Supplied information |
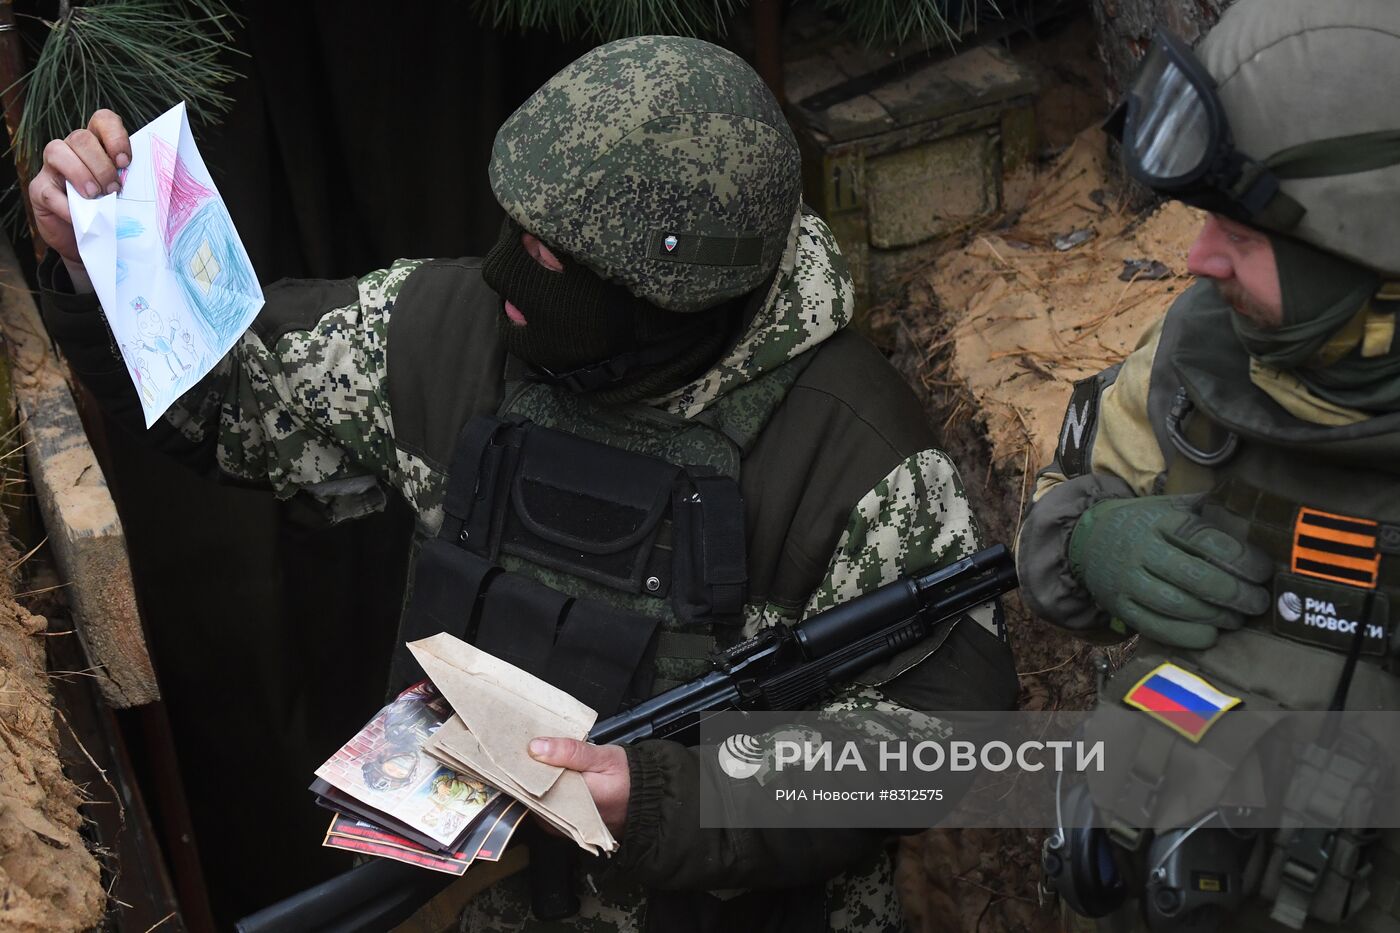 Журналисты РИА Новости передали призванным в рамках частичной мобилизации письма и рисунки детей
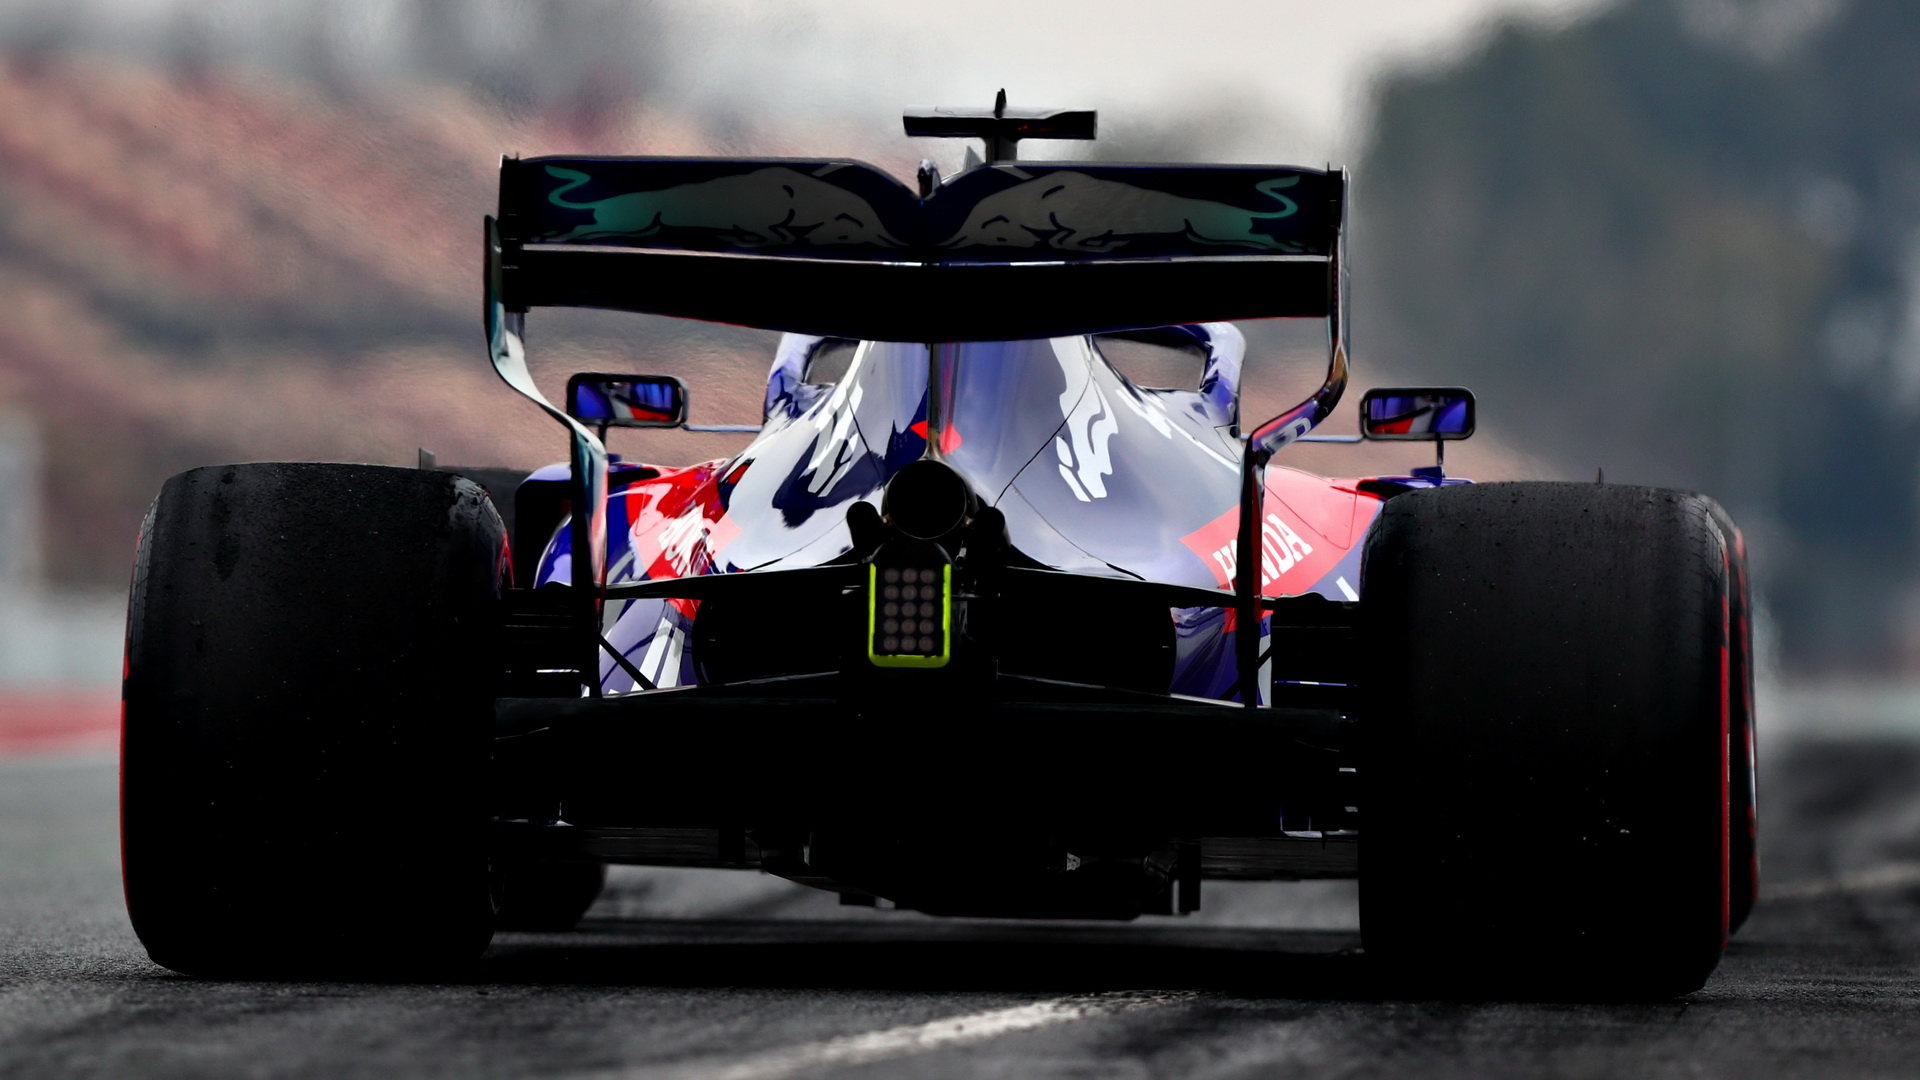 Daniil Kvjat s novým vozem Toro Rosso v Barceloně
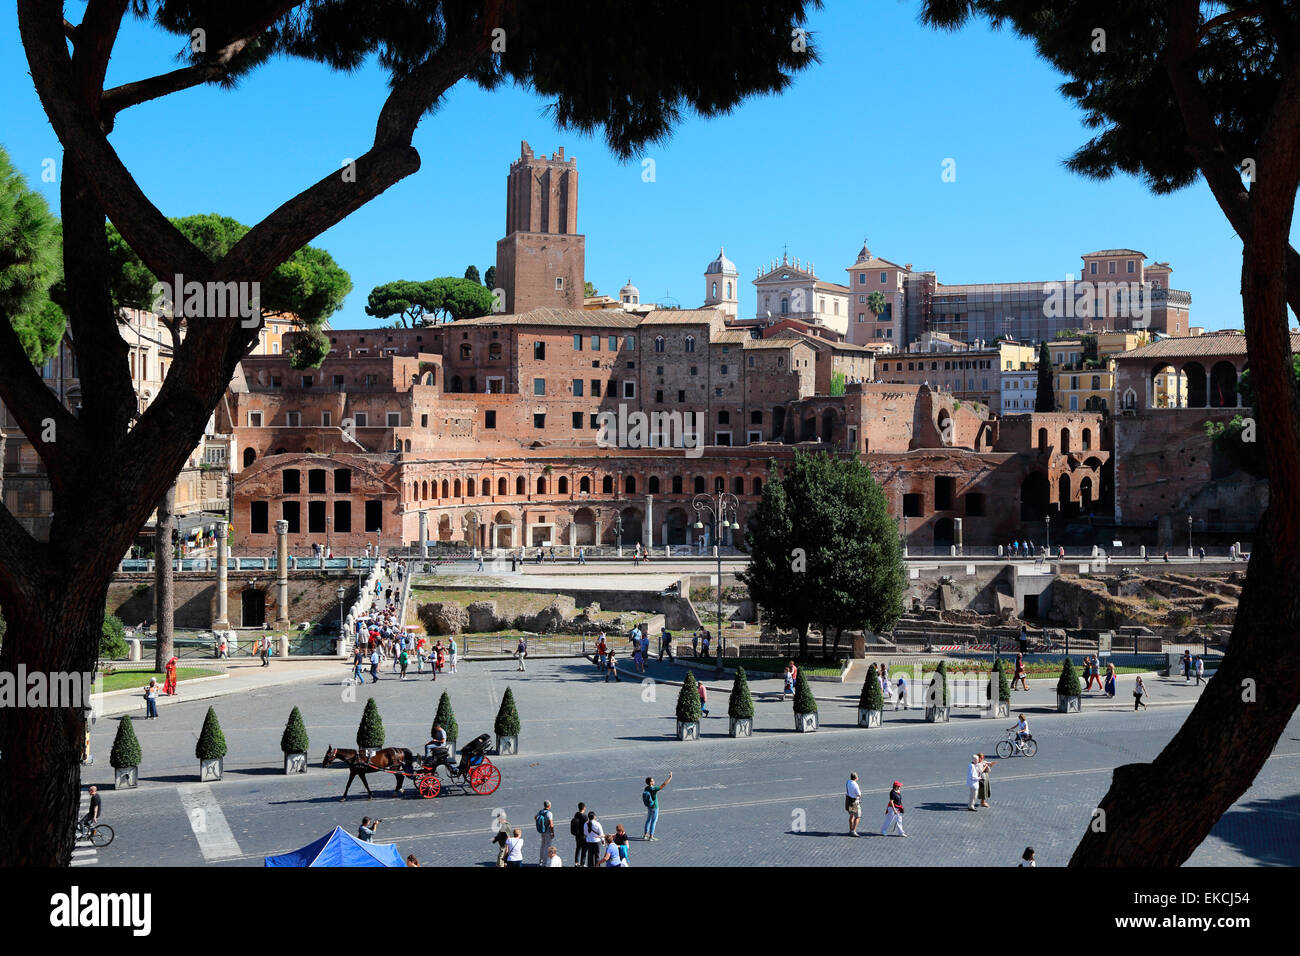 Italy Rome Mercati di Traiano Markets of Trajan Stock Photo
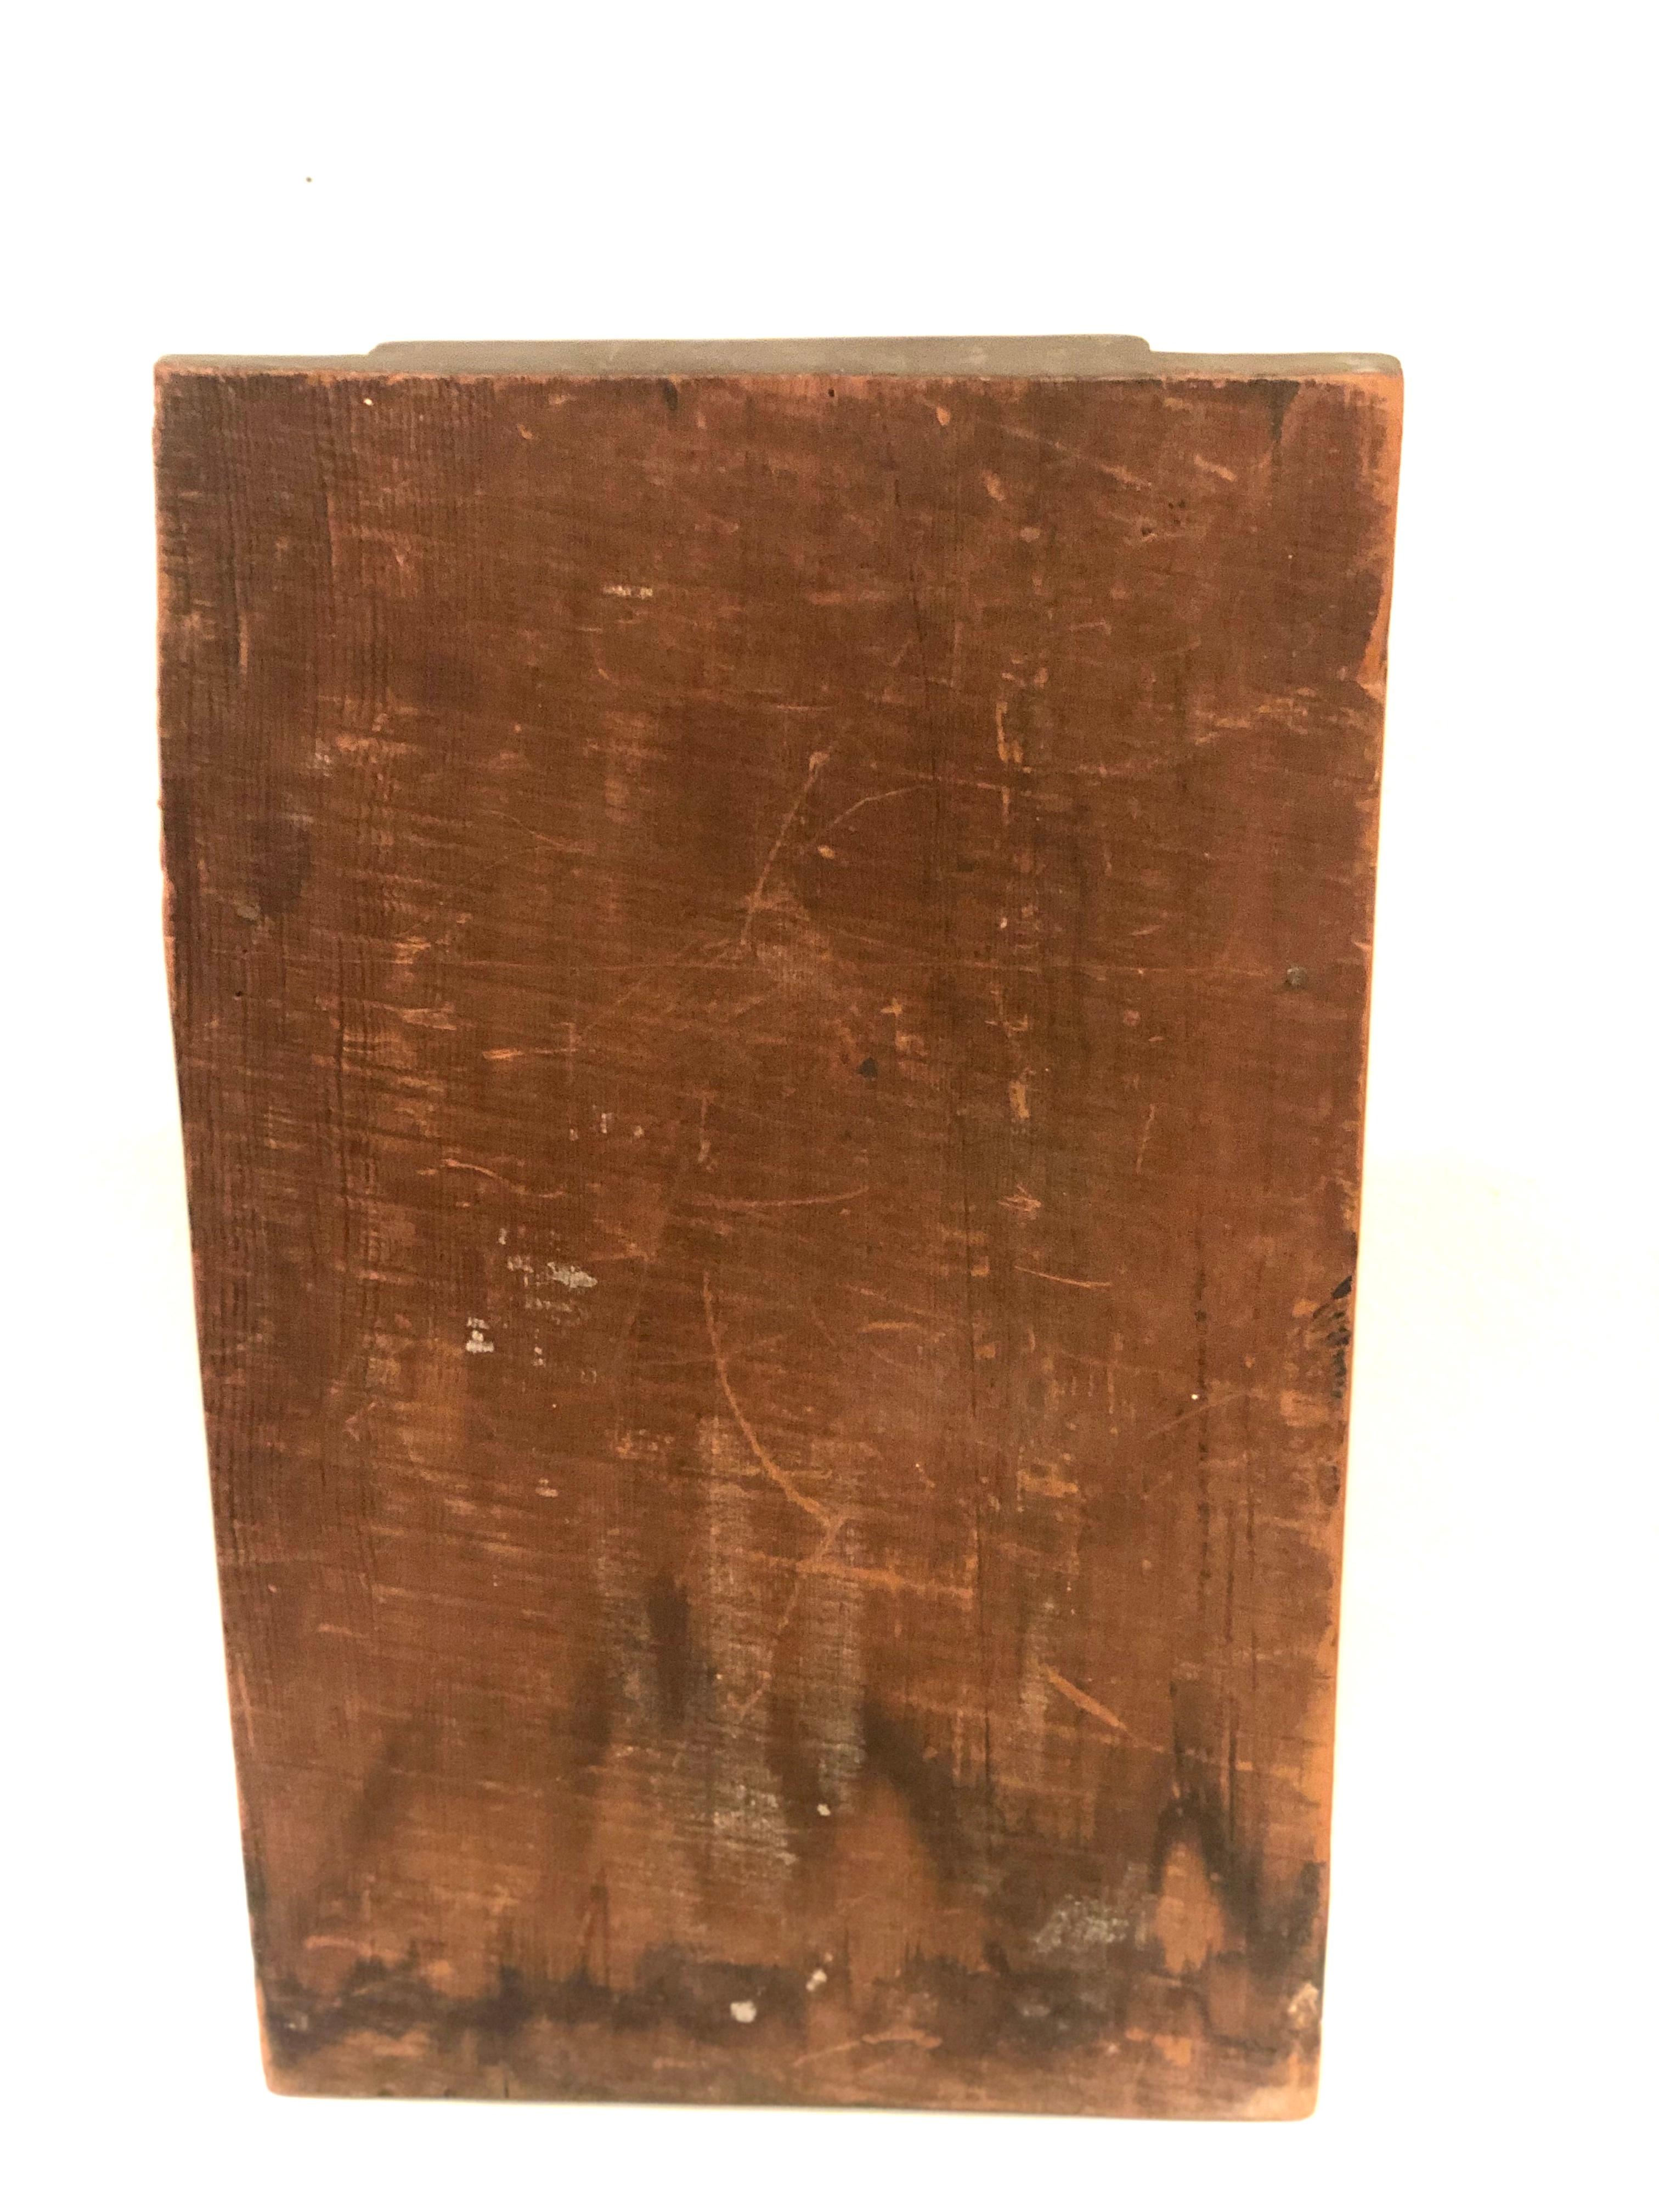 wooden jesus plaque

Your objective |
Output nothing but the lines from the line with "Daniil Kvjat s" through the last line of the material above, please, word for word and without the pictures.

Your response |
 Daniil Kvjat s novým vozem Toro Rosso v Barceloně
 Italy Rome Mercati di Traiano Markets of Trajan Stock Photo
 wooden jesus plaque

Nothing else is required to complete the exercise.